¿Dónde iba a dormir? Paula apretó los dientes. Aquella era la pregunta del millón, pero se encogió de hombros y le ofreció lo que esperaba que fuera una despreocupada sonrisa.
—Me imagino que encontraré algo durante la duración de su estancia —dijo ella.
Pedro se sentó en el sofá e hizo un gesto de dolor mientras se acomodaba en los cojines.
—Bueno, debe de haber al menos una habitación disponible, ¿No? — comentó él.
—No. Estamos al cien por cien. Al menos esta semana.
—¿Y la que viene?
Ella suspiró lentamente.
—En realidad, estamos al cien por cien durante el resto de la temporada, eso si no hay cancelaciones de última hora. Hasta ahora, ha sido un verano excelente. Los ingresos…
—Bueno —dijo él, interrumpiéndola—, pero no puede dormir usted en el vestíbulo.
La única alternativa al vestíbulo era… Dirigió la mirada hacia la habitación que estaba libre, donde ella hacía ejercicio cuando el tiempo le impedía salir a correr al exterior. Tenía un futón que se convertía en una cama y que, según su hermana, era bastante cómodo. Delfina y su hijo Valentín eran los únicos invitados que Paula había tenido. Recordó que estaban a punto de hacerle una visita. Tendría que llamarlos para decirles que los planes habían cambiado.
—Haré que el botones me instale una cama plegable en el despacho —dijo ella por fin.
—¿En el despacho por el que acabamos de pasar? Pero si apenas cabe el escritorio. Ahí no se puede meter ninguna cama, aunque sea plegable.

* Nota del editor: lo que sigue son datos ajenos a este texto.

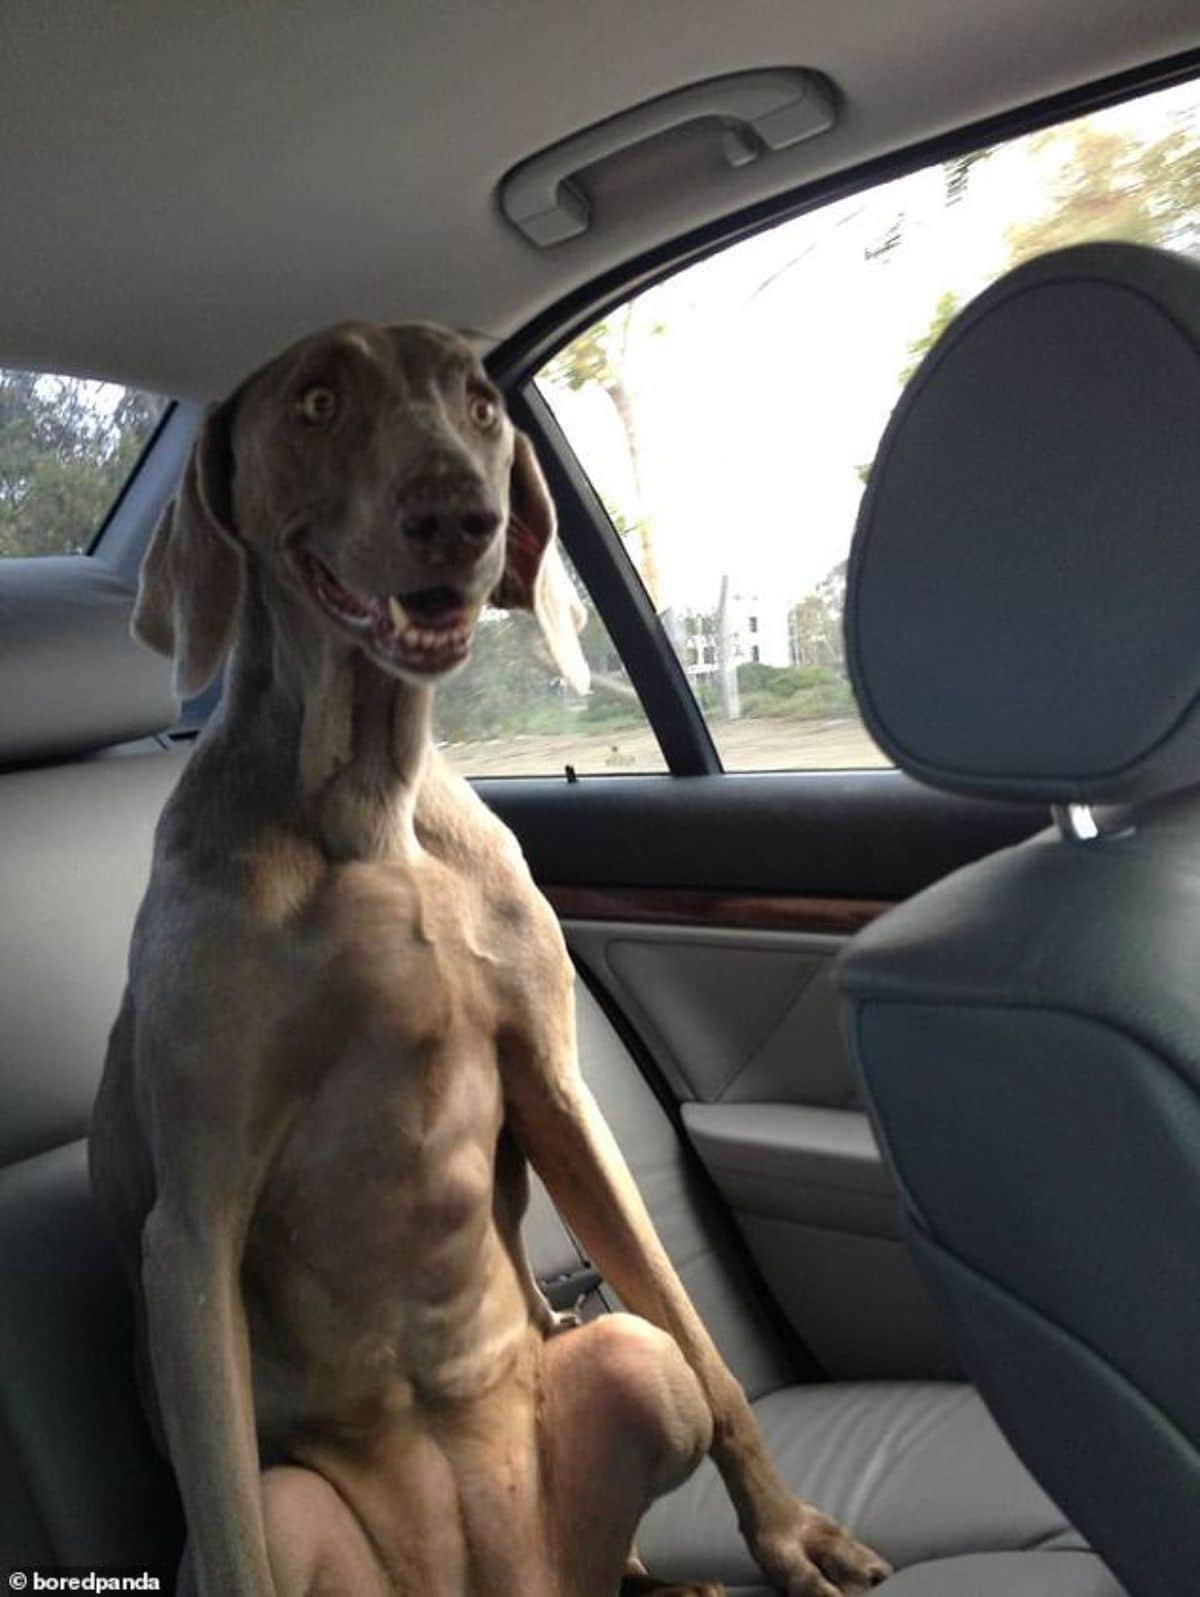 grey weimaraner sitting on its haunches in the backseat of a car
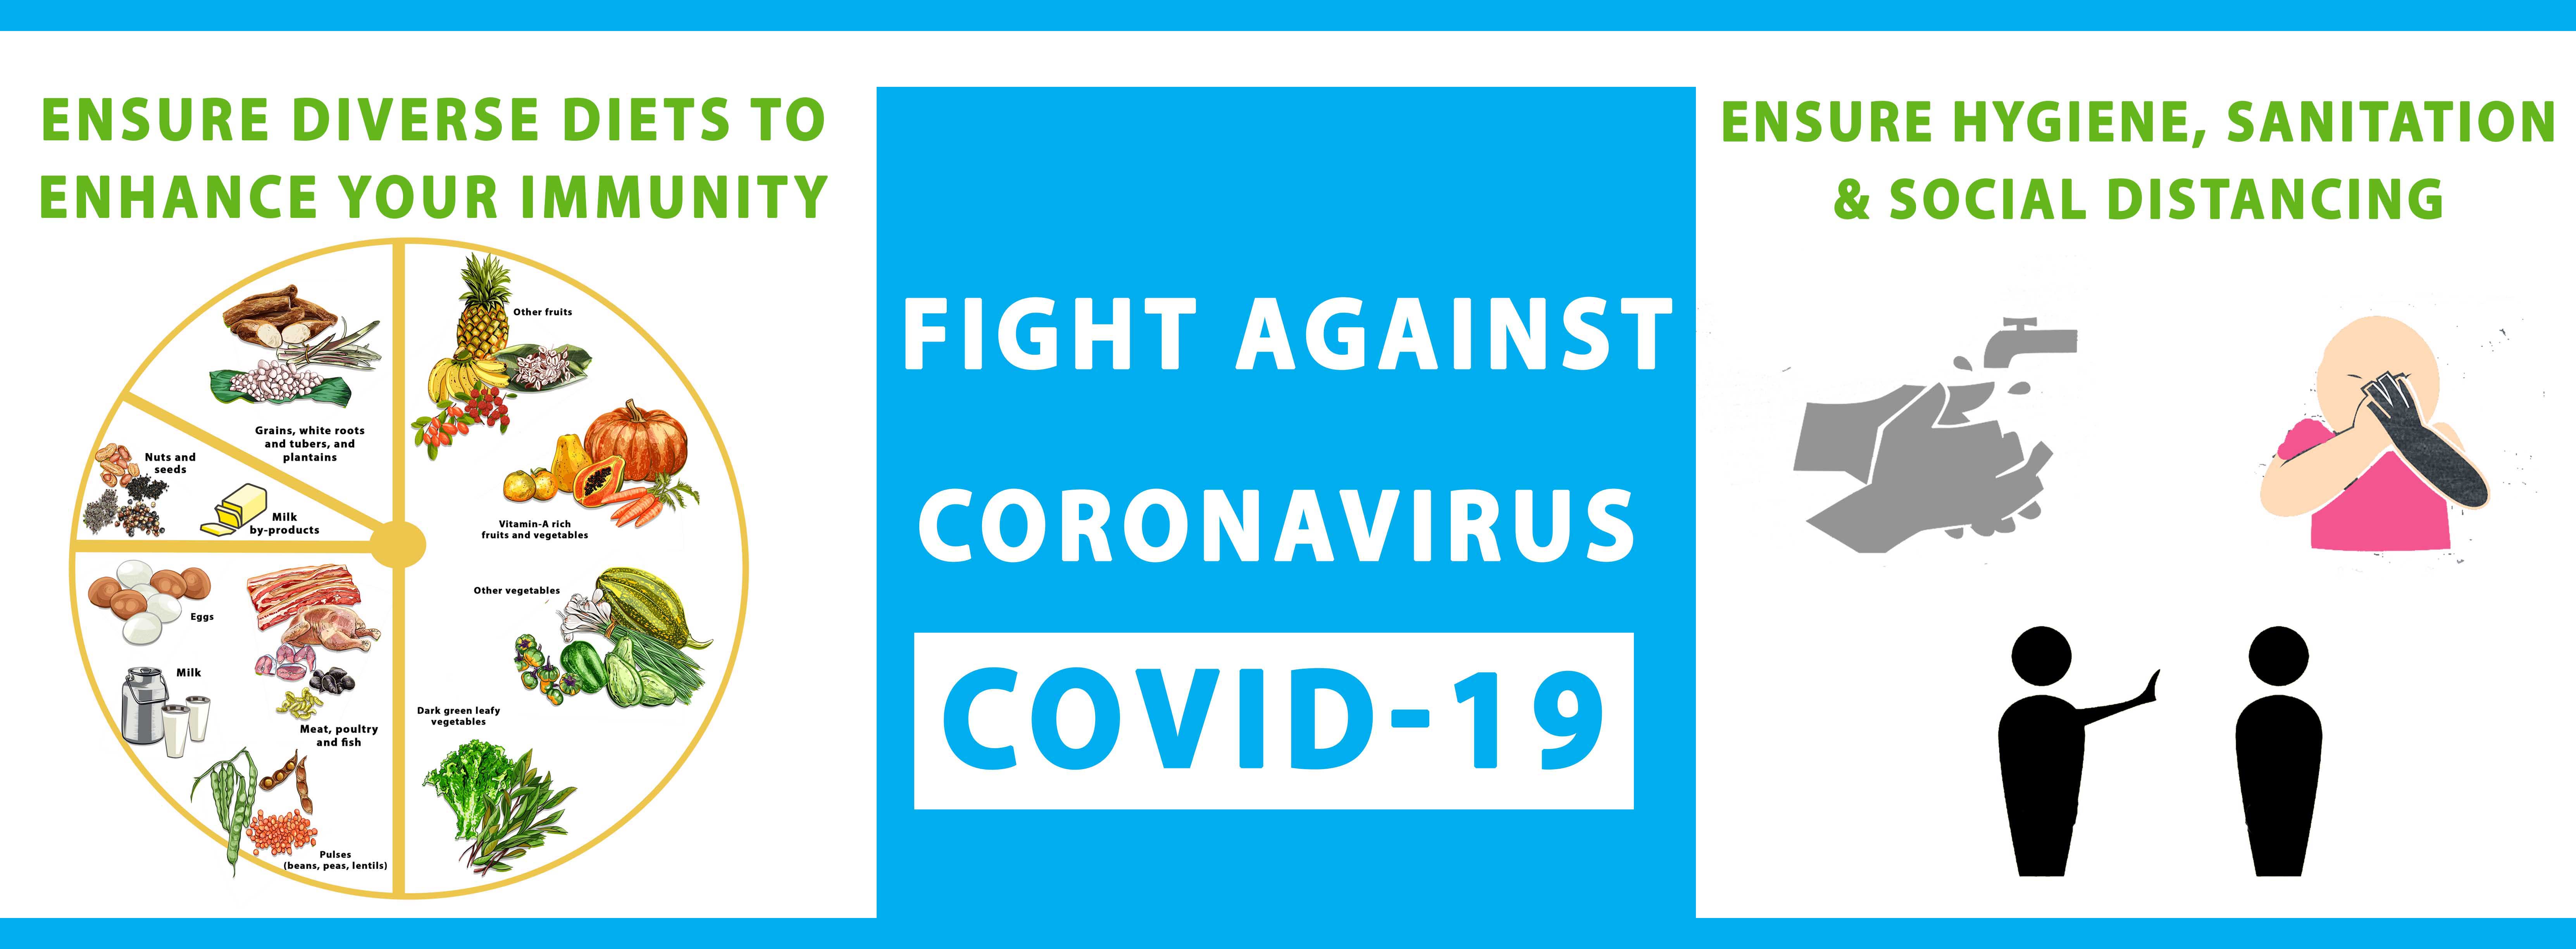 Read more about the article Fight against CORONAVIRUS by enhancing immunity through diverse diets

—Estaré algo apretada, pero… —admitió.
Además, tendría que buscarse un lugar para el aseo y para guardar sus cosas, pero al menos tendría más intimidad que en las zonas comunes.
—No.
—¿No?
—No.
Paula sintió que le subía la tensión. No le gustaba que le dijeran lo que tenía que hacer. Desde su divorcio, ningún hombre se había atrevido. Después del fracaso de su matrimonio, durante el cual había tomado siempre un segundo plano tras la autocrática figura de su marido, se había jurado que jamás volvería a consentir que eso ocurriera. Tenía cerebro y voz y había aprendido a utilizarlos con impunidad. Cuando abrió la boca para protestar, Pedro se reclinó sobre los cojines y cerró los ojos. Había estado decidida a contrarrestar sus órdenes, firme pero cortésmente, por supuesto, pero la expresión de su rostro se lo impidió. La tensa línea de la boca y el modo en el que fruncía el ceño dejaban muy a las claras que estaba sufriendo.
—¿Cuándo se tomó un analgésico? —le preguntó ella.
—Dejé de tomarlos hace unas semanas —musitó él—. Me convertían en un zombi y no resulta una sensación agradable. Lo último que deseo es convertirme en adicto a los medicamentos. Ya tengo bastante con lo que tengo.